Apesar do recente aumento no emprego nos EUA por empresas de propriedade majoritária na China, a remuneração por trabalhador por empresas chinesas tendeu para baixo a partir de 2007 e se classificou próximo ao final dos países e territórios analisados ​​para 2015 em cerca de US $ 49.000 por funcionário.

Alguns estados têm mais investimento estrangeiro direto do que outros

As afiliadas de empresas estrangeiras nos EUA empregam pessoas em todos os 50 estados e territórios dos EUA. Em 2015, os estados com as maiores participações no total de empregos na indústria privada por empresas estrangeiras foram Nova Jersey (8,1%), Carolina do Sul (8,0%) e New Hampshire (7,7%), seguidos por Kentucky, Indiana, Havaí, Connecticut e Delaware (cada um com mais de 7%). Os estados com as maiores populações em geral também tinham a maioria dos funcionários que trabalhavam para empresas estrangeiras: Califórnia, Texas, Nova York, Flórida e Illinois. A Califórnia liderou, com 715.800 desses trabalhadores.

Contribuição crescente para o PIB dos EUA

As empresas estrangeiras contribuíram com US $ 894,5 bilhões para o produto interno bruto dos EUA em 2015, um aumento de 16% em relação a 2007 e 6,4% da contribuição total para o PIB da indústria privada sediada nos EUA durante este período. Embora 2007 seja o primeiro ano comparável para esses dados, ele também marca o início da Grande Recessão, que parece ter tido um impacto maior nas afiliadas americanas de empresas estrangeiras do que nas empresas privadas americanas.

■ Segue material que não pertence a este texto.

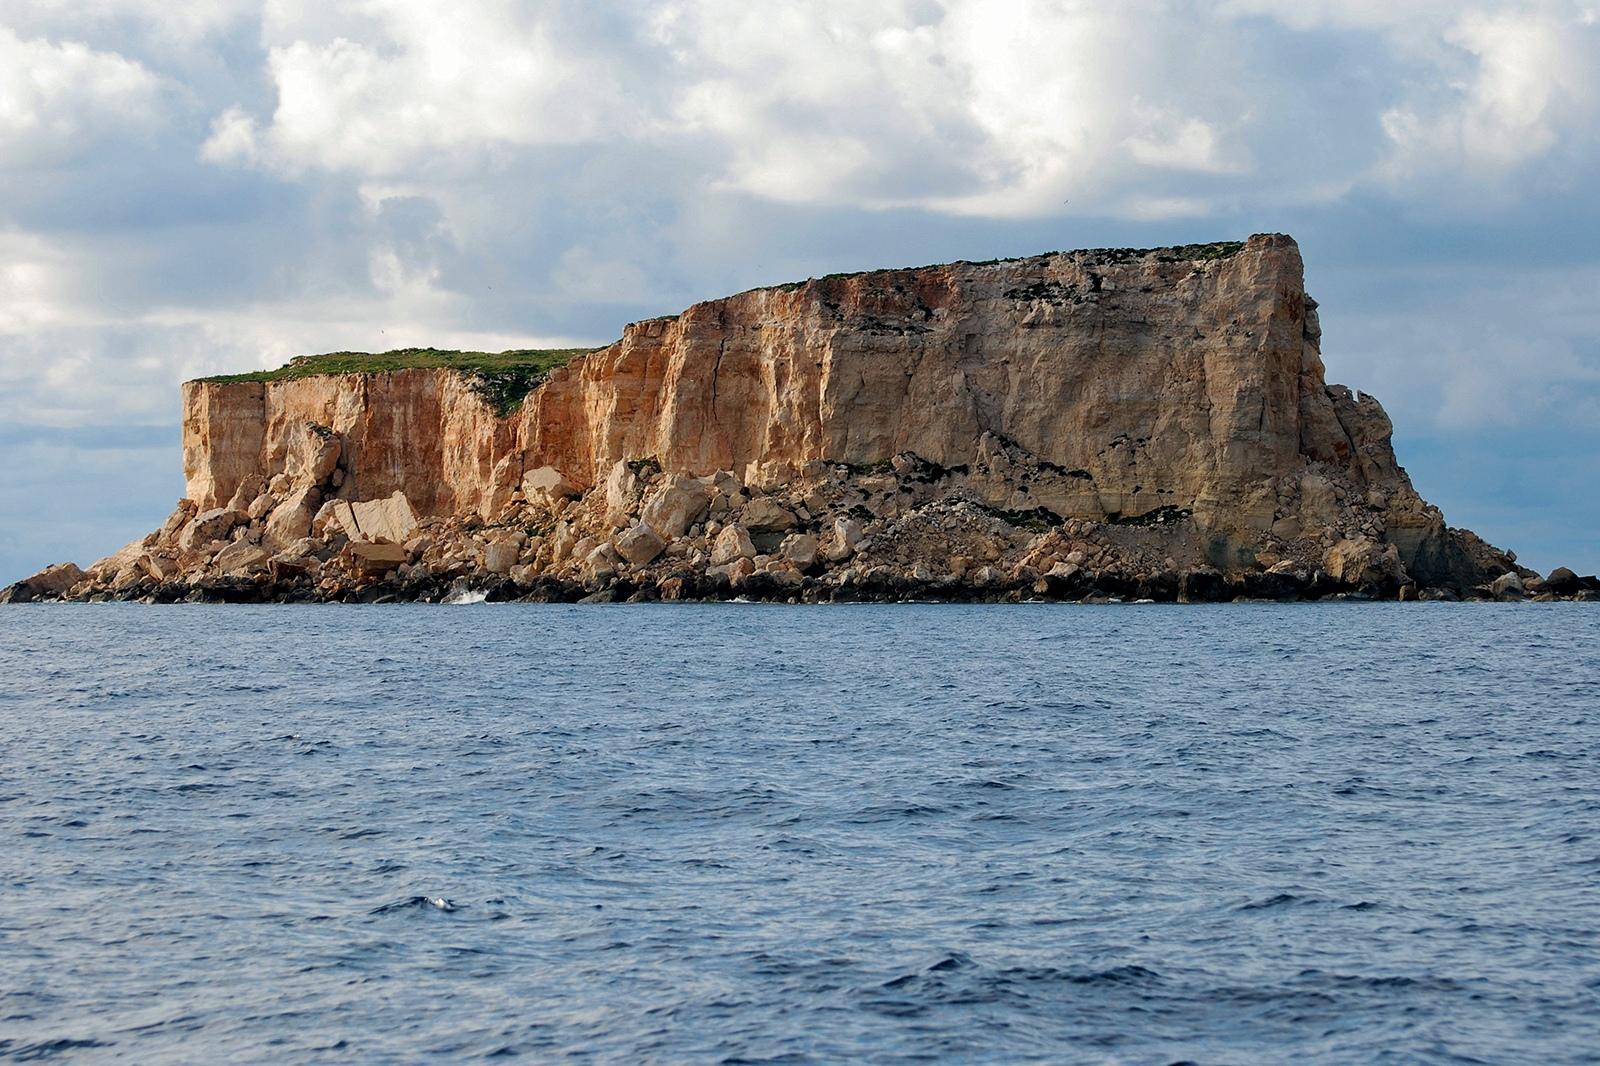 A tour around Filfla with Heritage Malta
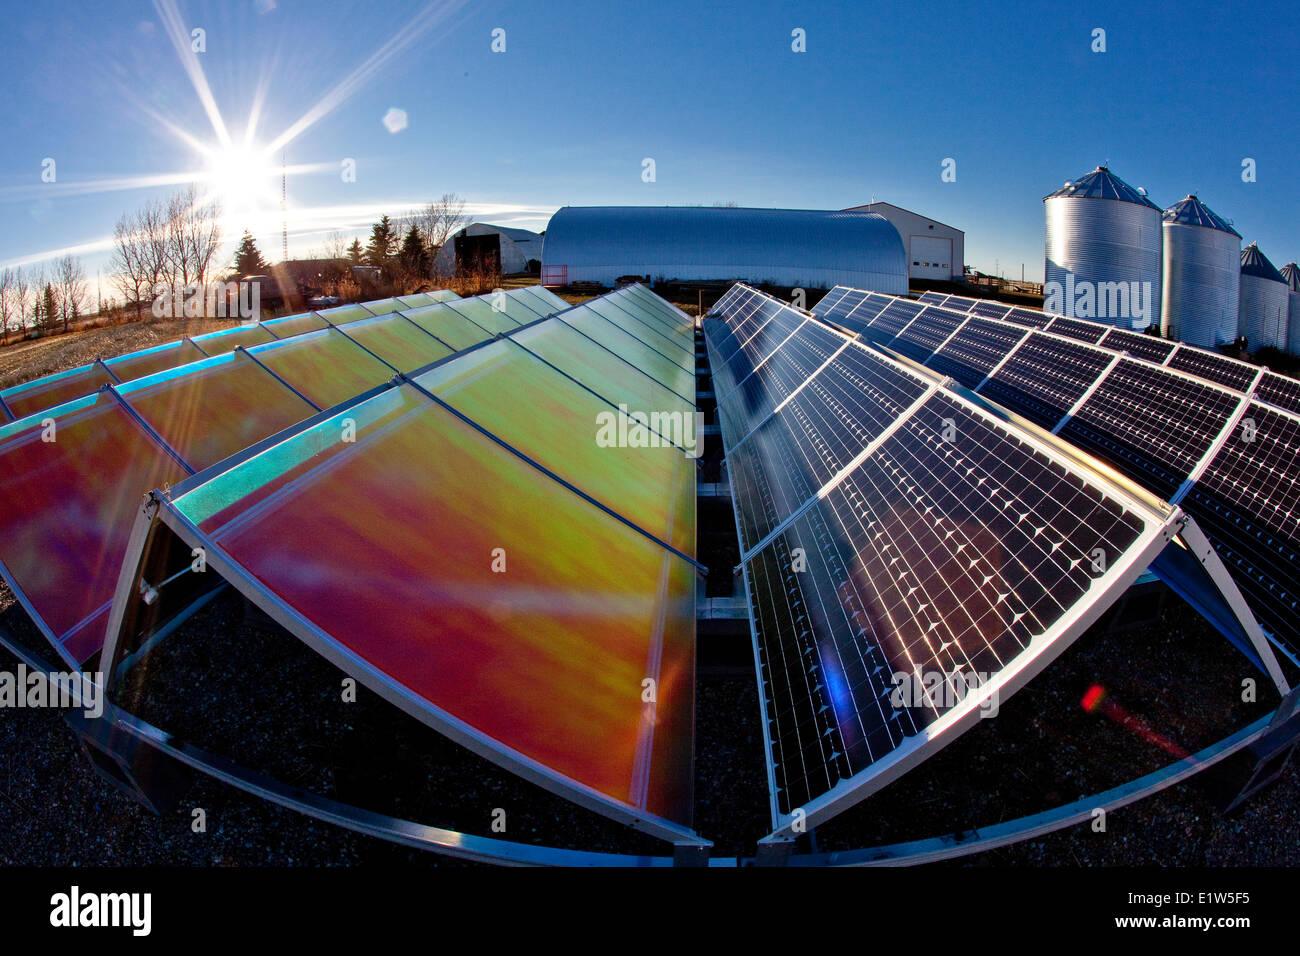 Solar panels and reflectors (to boost efficiency) on farm near Calgary, Alberta, Canada. - Stock Image

Durante a recessão de 2007-2009, a contribuição para o PIB das afiliadas dos EUA diminuiu a uma taxa média de 6,7%, em comparação com uma queda média de 1,6% para empresas privadas dos EUA. Após a recessão, as contribuições para o PIB aumentaram mais rapidamente para as afiliadas dos EUA do que para as empresas privadas dos EUA. Entre 2009 e 2014, as contribuições das afiliadas dos EUA para o PIB aumentaram 8,3% em média, quase o dobro da taxa das empresas privadas dos EUA.